All my dreams are tortures, showing me glimpses of fragmented hopes come true: a look, a touch, a smile - all dashed upon waking. Though they're the only ones I can ever remember, they're the only ones I wish I never had. I used to dream of running from monsters, or of flying, or of breathing underwater. These have been replaced by hauntings of my fondest desires and memories of too-short eternities spent in her arms and in her eyes. If there is a world for every possible outcome of every possible situation, then there is a world where she and I are each other's and happy. My cowardice prevents me from trying to make this world that one. Even so, it's all I really want.
I dreamed again and you were there, the dark silk of your crown tousled from sleep, standing in the open doorway of a house in the middle of a beautiful and wasted land and leaning against the frame, waiting for me to come back from wherever I had been. You smiled at my approach and pulled me in. I placed my hands at the small of your back and woke up and now I'm sad.
On a street lined with trees I feel my brain's been impaled, and all of my dreams are cold and dead as old nails.

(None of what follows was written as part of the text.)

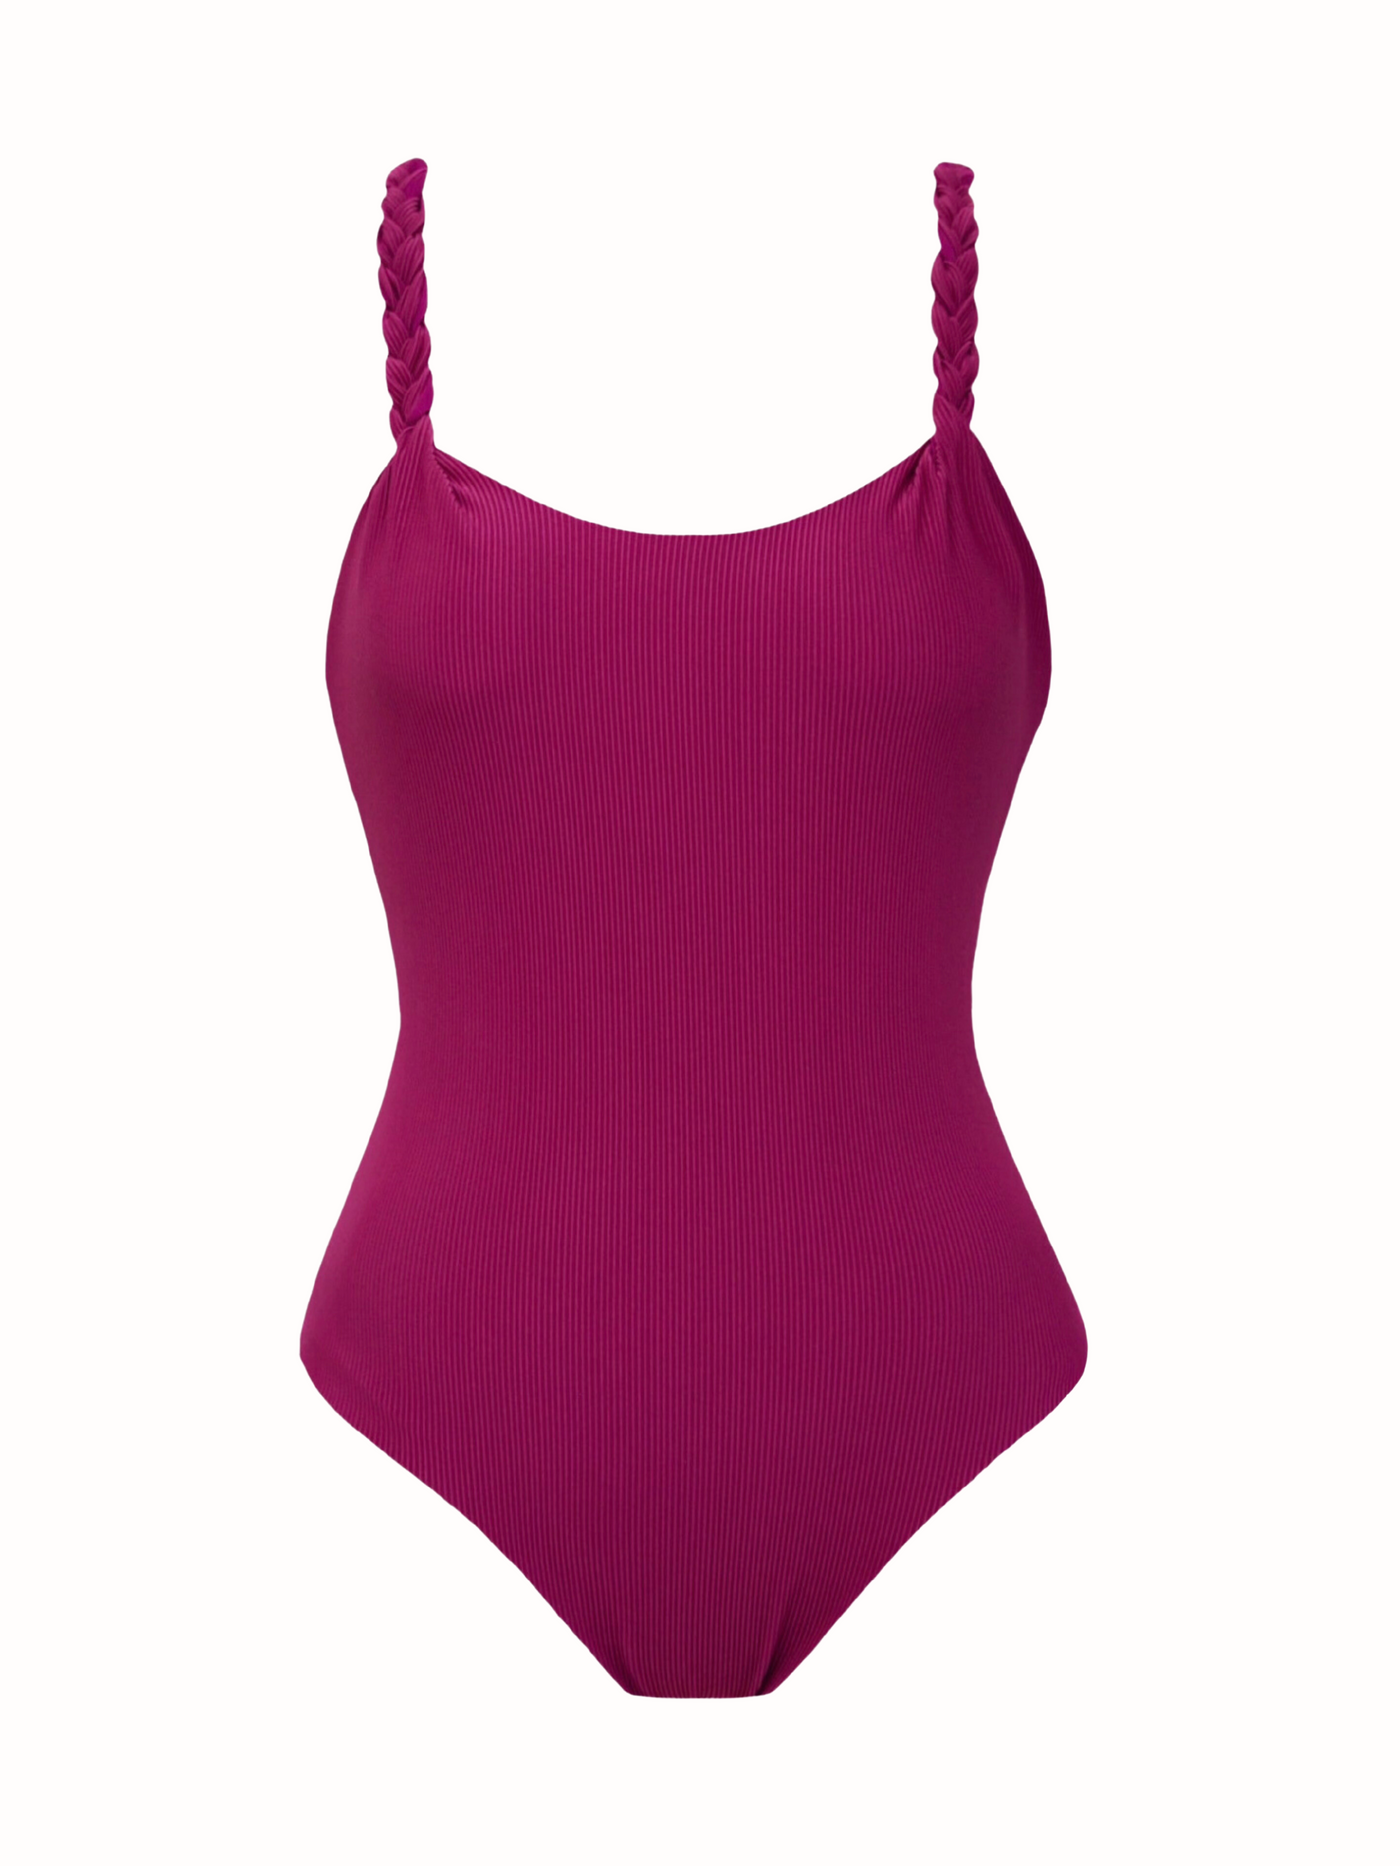 Ribbed KITTS One Piece

But through all the pain, through the whispering loss, I'm alive, but I'm stained like some man on a cross. I just want to see - for a second or a year - if there's a chance I could be better than who is here, looking back through the glass, encouraging sadness, living in the past and drowning in the madness that comes with realizing he's the mistake.

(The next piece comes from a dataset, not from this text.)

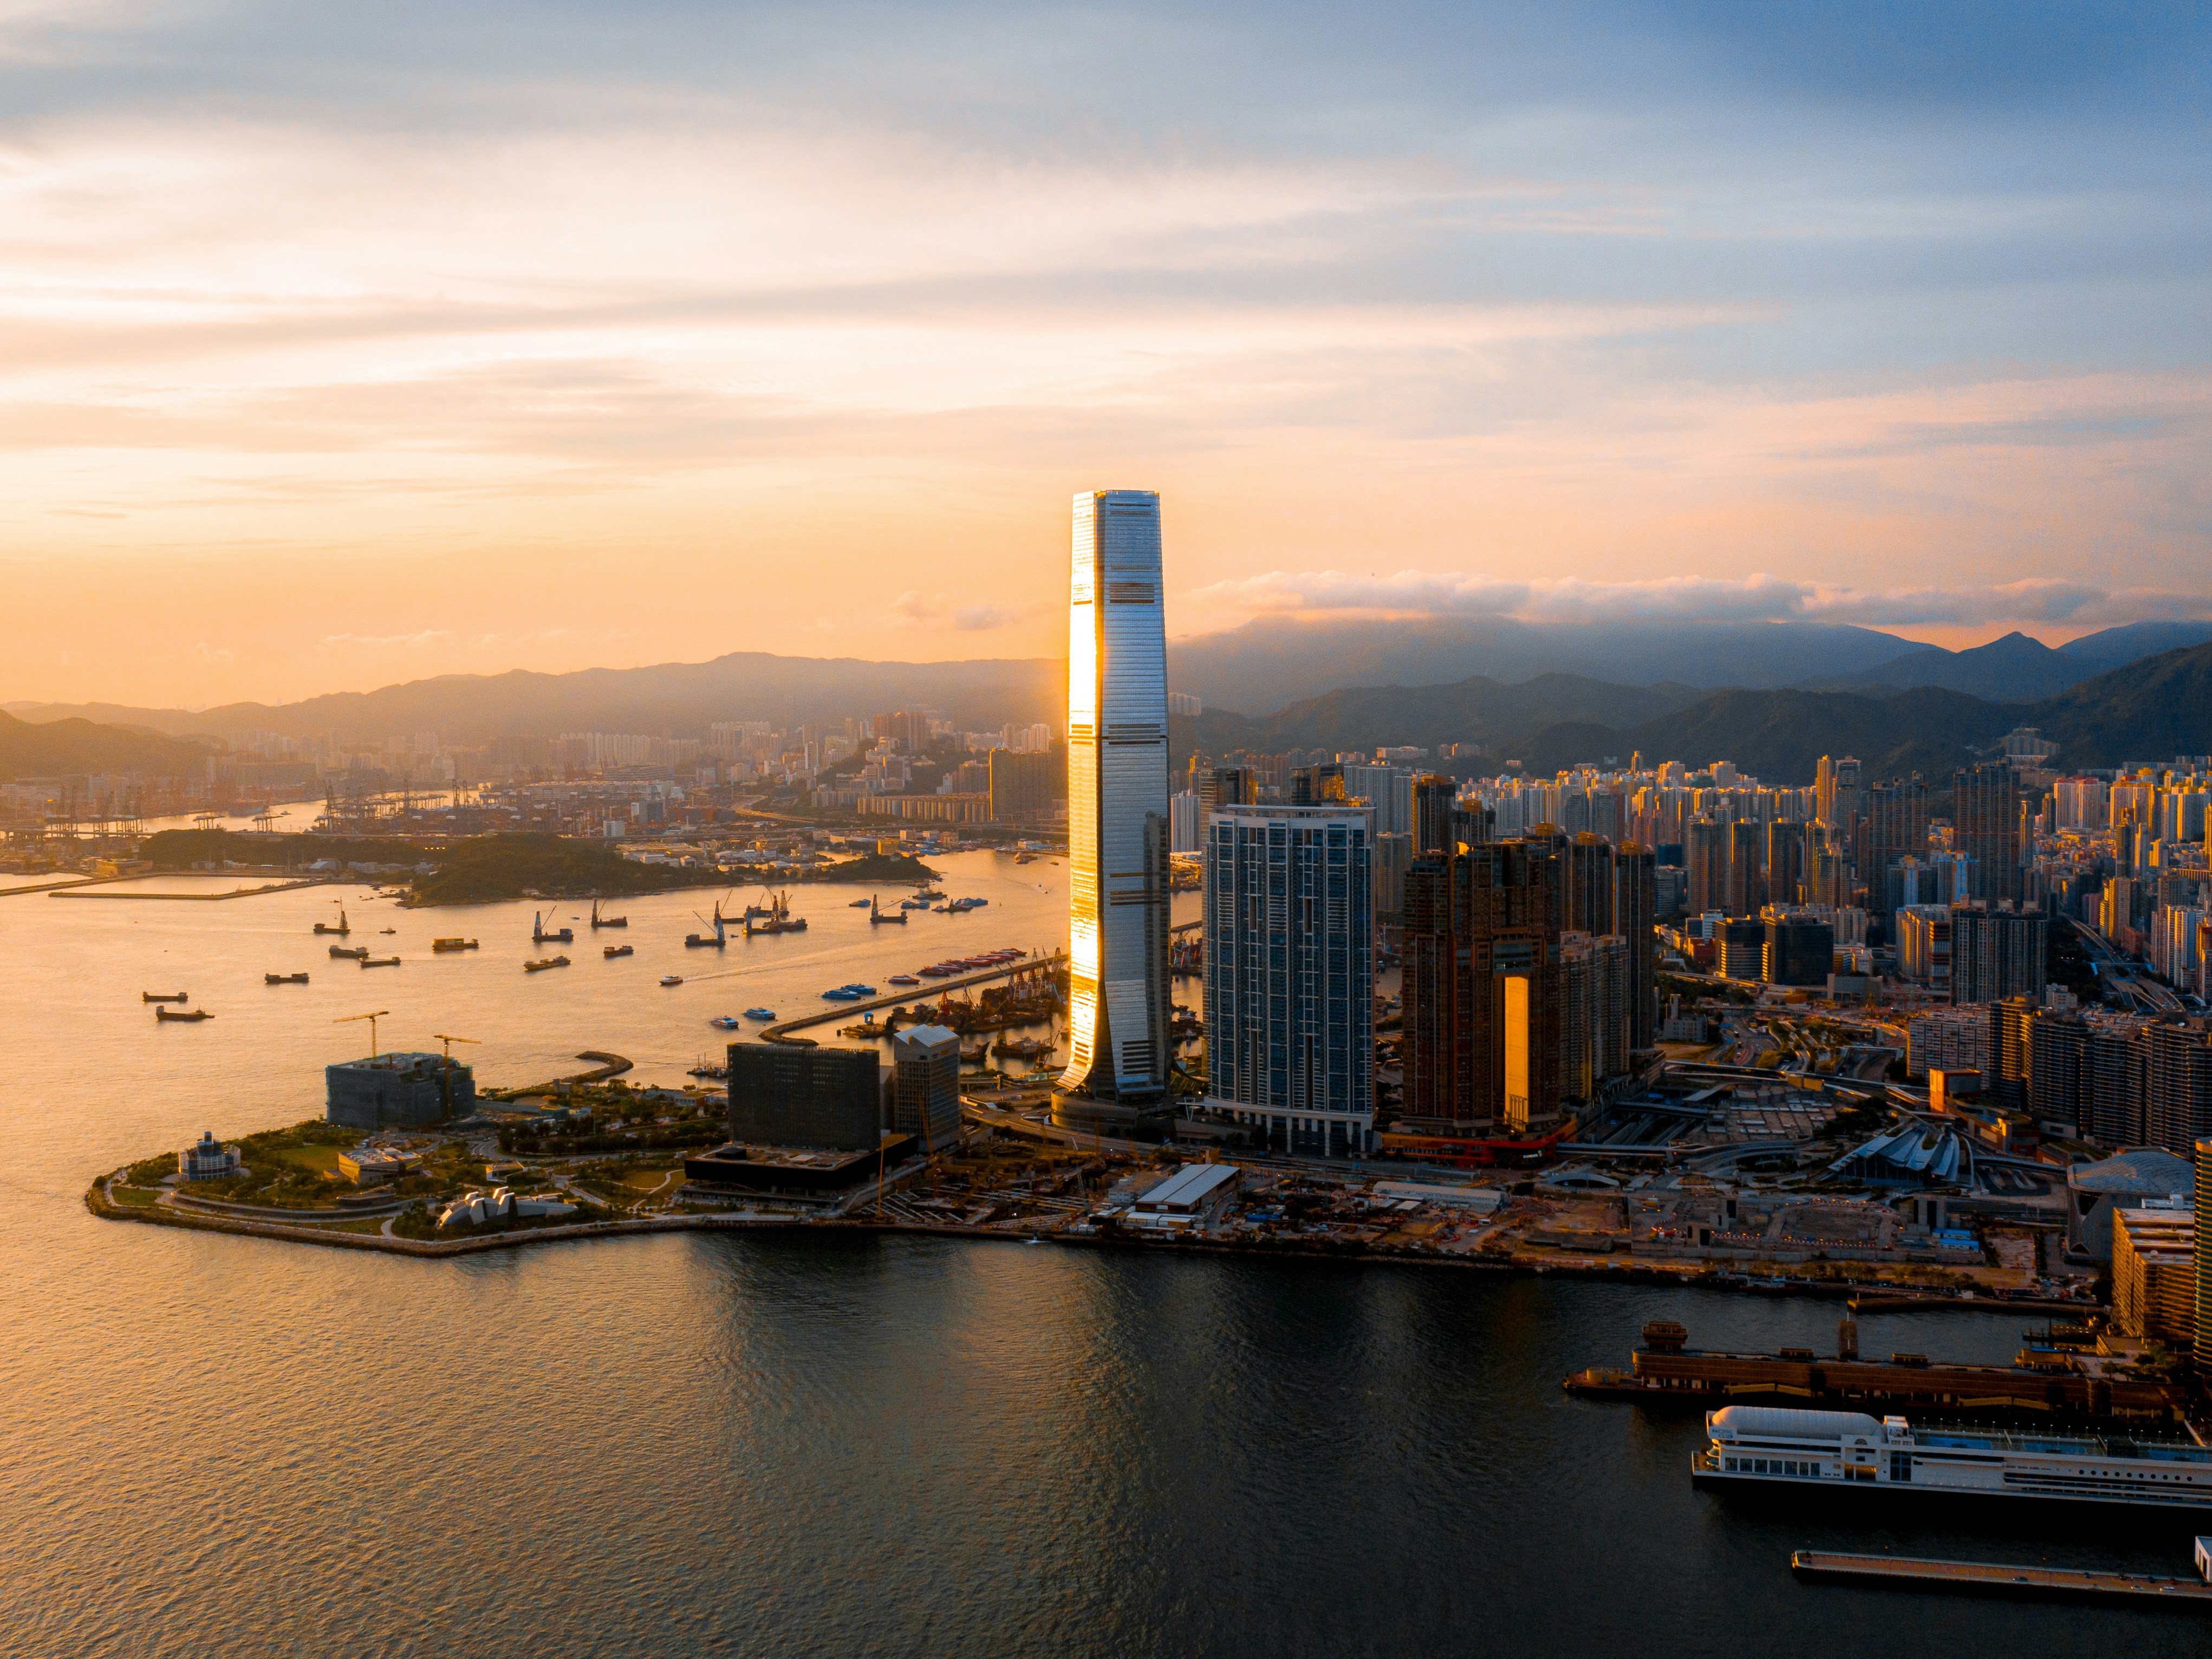 Cityscape of the harbour region of Hong Kong Island during sunset

There was a light, shining on the ground, just up the road a piece, but there was a tree a little bit closer. The tree moved so that I thought someone was walking to me and I was thrilled and irritated and I smiled because I wouldn't be alone. I didn't want to be alone, but a person would want to talk. I didn't want to be alone - I wanted to be left alone. I needed another sobbing heart, a different unnecessary mind, to be there, but only to be there. There's a medicine in just being with a person, and I smiled. Irritated, I smiled, but there was no one; no one was walking toward me or away. So I thumbed my nose and spat at the breeze for having let myself be fooled.